L’attachement aux personnages est l’un des piliers fondamentaux de toute série télévisée : il permet l’implication émotionnelle du spectateur dans le programme et surtout, sa fidélisation – c’est ce qui l’incitera à revenir de semaine en semaine pour découvrir le dernier épisode en date ou, pour les spécialistes du « binge-watching », dévorer la saison ou la série entière d’un seul trait. Les sitcoms misent beaucoup sur le capital sympathie de leurs personnages principaux, tandis que d’autres séries s’amusent à attacher le spectateur à des antihéros ambigus (tels que Dexter, Dr House ou le Walter White de Breaking Bad) ou encore à supprimer des protagonistes, pour créer la surprise, ou dans certains cas, la révolte (voir l’impitoyable Game of Thrones). Que se passe-t-il alors lorsque les personnages qui s’animent devant nos yeux ne suscitent ni intérêt, ni véritable sympathie et, par conséquent, aucun attachement particulier ? C’est le cas de Girls, pourtant de plus en plus en vogue auprès du public et jouissant d’une certaine reconnaissance critique, qui nous présente quatre jeunes filles new-yorkaises un peu paumées, beaucoup trop caricaturales, passionnément insupportables et narcissiques à la folie.

Voici maintenant presque un mois que s’est achevée la cinquième saison de cette série, créée par la jeune et dynamique Lena Dunham, devenue en l’espace de quelques années la nouvelle coqueluche des féministes américaines et des sériephiles assidu(e)s. Si le programme et son instigatrice ont reçu une pluie d’éloges lors de leur éclosion en 2012, force est de constater que le phénomène a bien du mal à tenir la longueur. En effet, Girls s’est essoufflée au fil des saisons, tant au niveau de sa qualité que dans le cœur de son public, divisant ainsi les spectateurs en deux groupes bien distincts – les adorateurs inconditionnels et les curieux désappointés. Il faut dire que le style de la série, comme celui de sa créatrice, n’a rien de très réjouissant. Dans un New-York désabusé, nous faisons la connaissance d’Hannah (interprétée par Lena Dunham elle-même), Jessa, Marnie et Shoshanna, quatre jeunes filles dans le vent en quête d’identité et de réussite – amoureuse, mais surtout professionnelle. Les protagonistes sont plongées dans un hyperréalisme déroutant, qui détonne du glamour et des artifices généralement croisés à la télévision : les loyers y sont exorbitants, les jobs de rêve difficiles à atteindre et les relations, notamment amicales, s’avèrent plus froides que réellement cordiales. Aucune place n’est alors laissée à la détente, à la rêverie ou à la fantaisie, propres à transporter le spectateur.

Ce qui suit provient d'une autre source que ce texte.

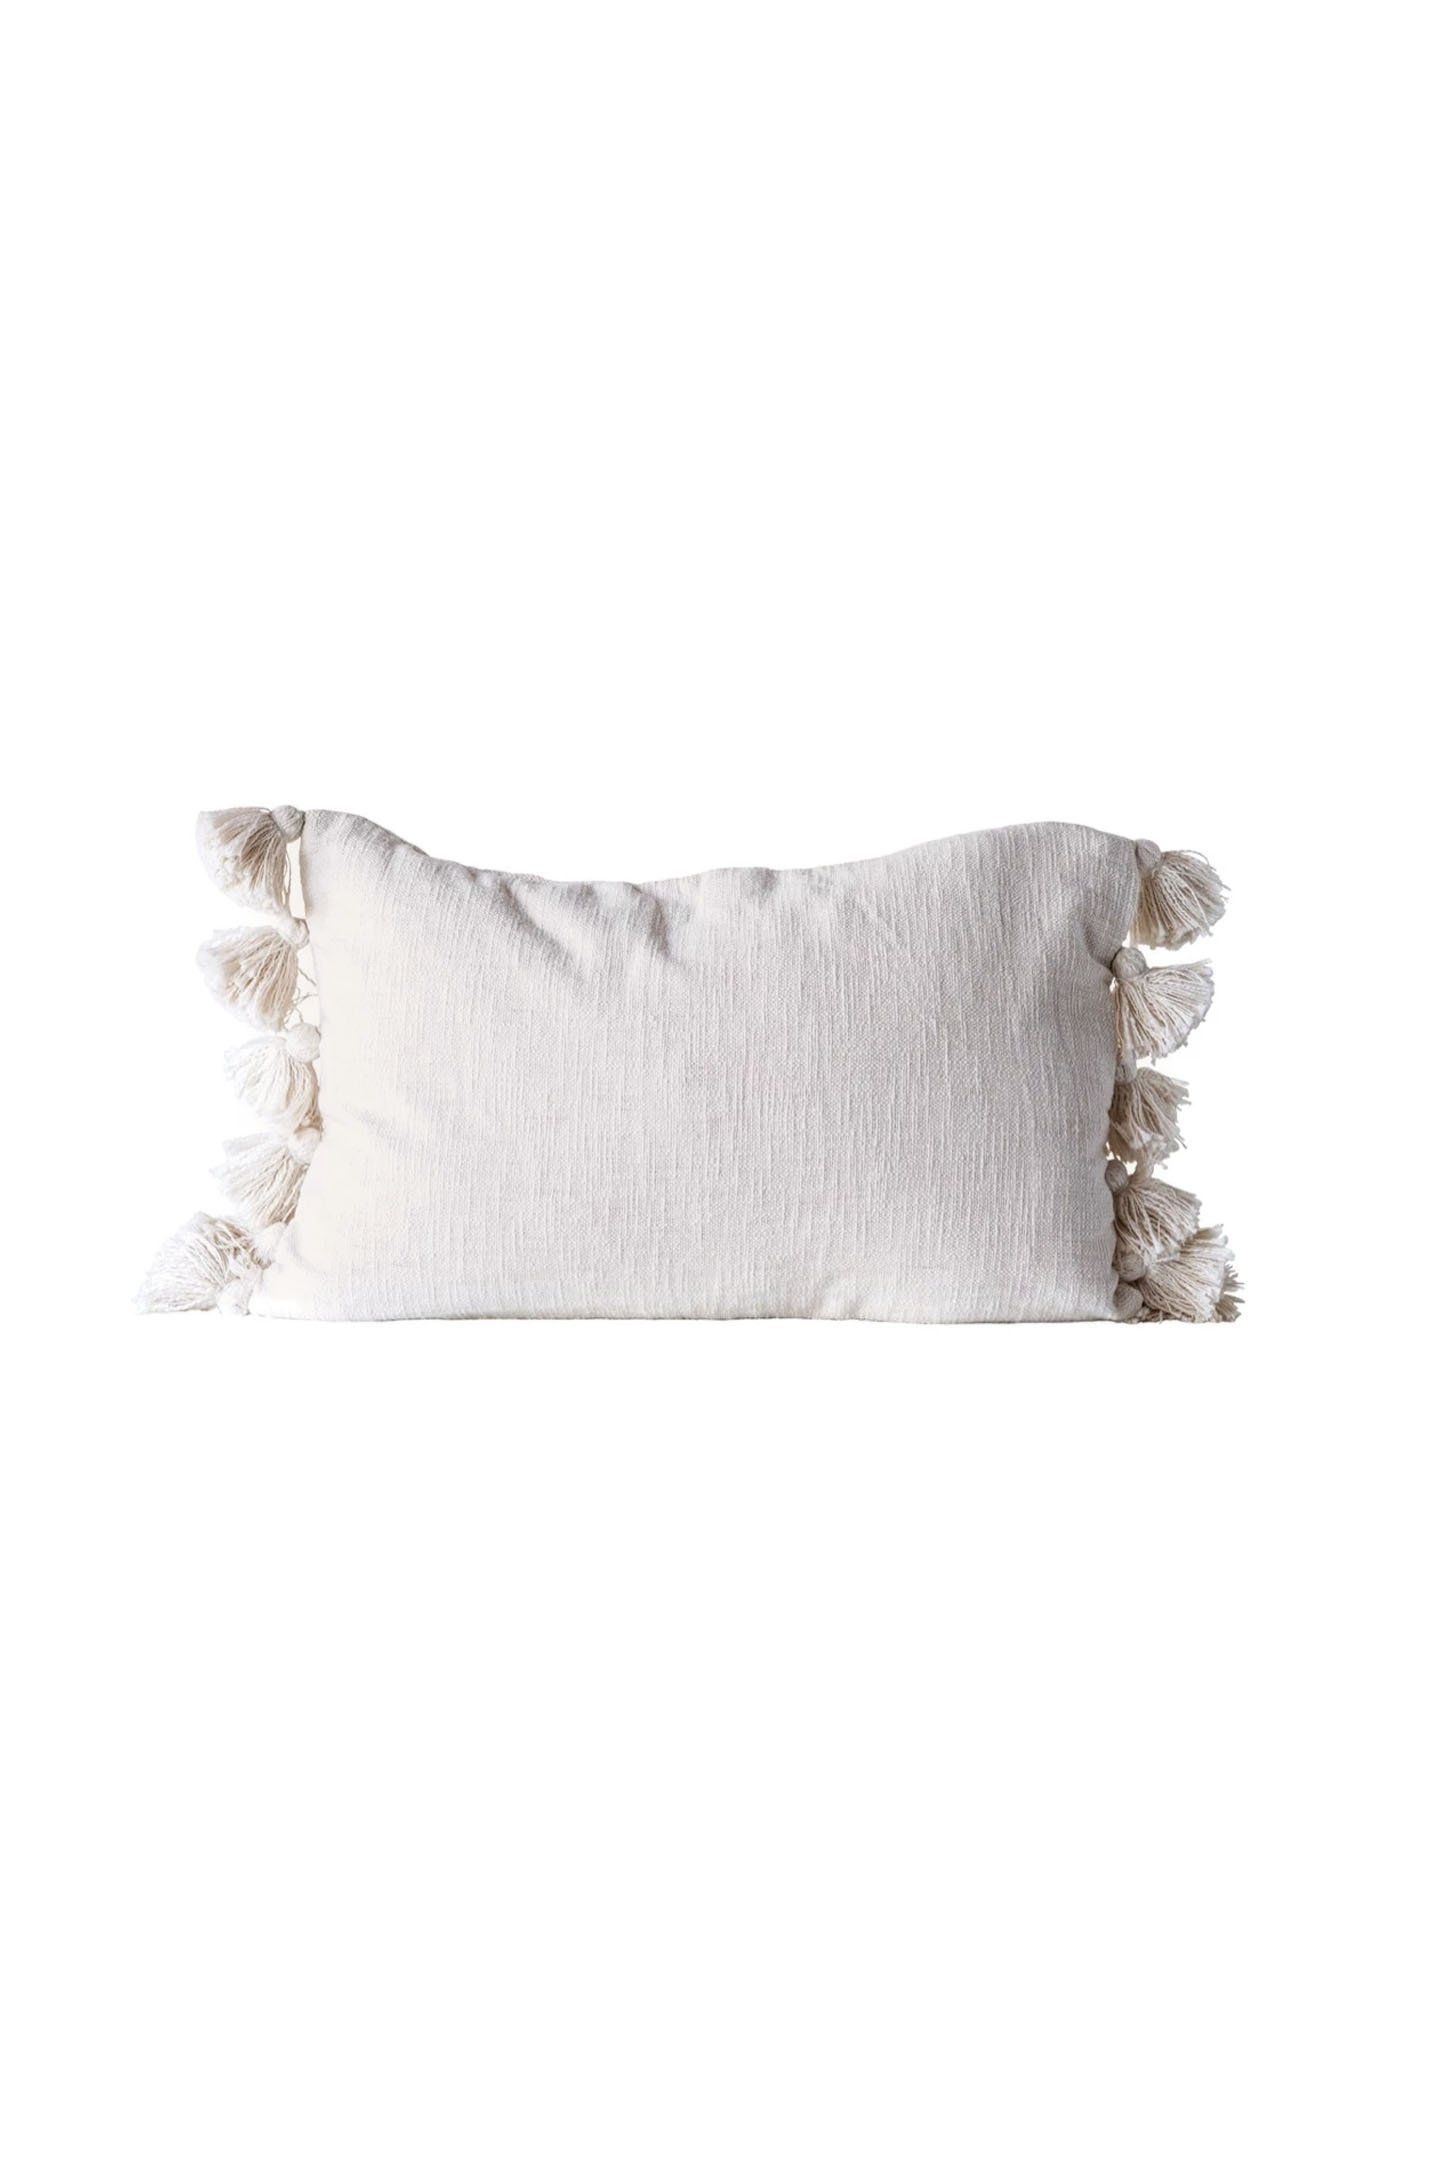 24" x 16" Neva Lumbar Pillow - Image 0

Mais là où Lena Dunham voudrait dresser le portrait d’une jeunesse actuelle en mal de repères (ce qui fonctionne à peu de choses près dans la première saison), le reflet cruel de la réalité et son ironie flirtent rapidement avec la caricature poussive. Car oui, Lena Dunham va trop loin : dans la façon qu’elle a de poser un regard méprisant sur ses personnages, et surtout dans sa conception du corps féminin et de la transgression des conventions. D’abord, la créatrice de Girls a doté ses protagonistes, âgées d’une vingtaine d’années, de caractéristiques bien particulières. Hannah est une égocentrique née : elle considère que la vie des autres ne doit tourner qu’autour de sa petite personne et s’offusque dès que la conversation se détourne de ses problèmes personnels. Jessa ne fait rien dans la demi-mesure : les excès (drogue, alcool, sexe…) sont de mise dans la vie de la jeune femme, qui, d’abord exhubérante, s’adoucira au fil des saisons. Marnie, elle, est l’archétype même de la princesse irréfléchie qui veut tout, tout de suite : pour elle, la célébrité et le mariage – de préférence avec un idiot de première malhonnête et manipulateur – semblent être les deux meilleures solutions pour commencer sa vie d’adulte. De son côté, Shoshanna rencontre des problèmes pour s’affirmer dans ses relations amoureuses et affiche un certain manque de confiance en elle, mais se montre tout de même bien volubile et excentrique dans ses manières et son apparence physique.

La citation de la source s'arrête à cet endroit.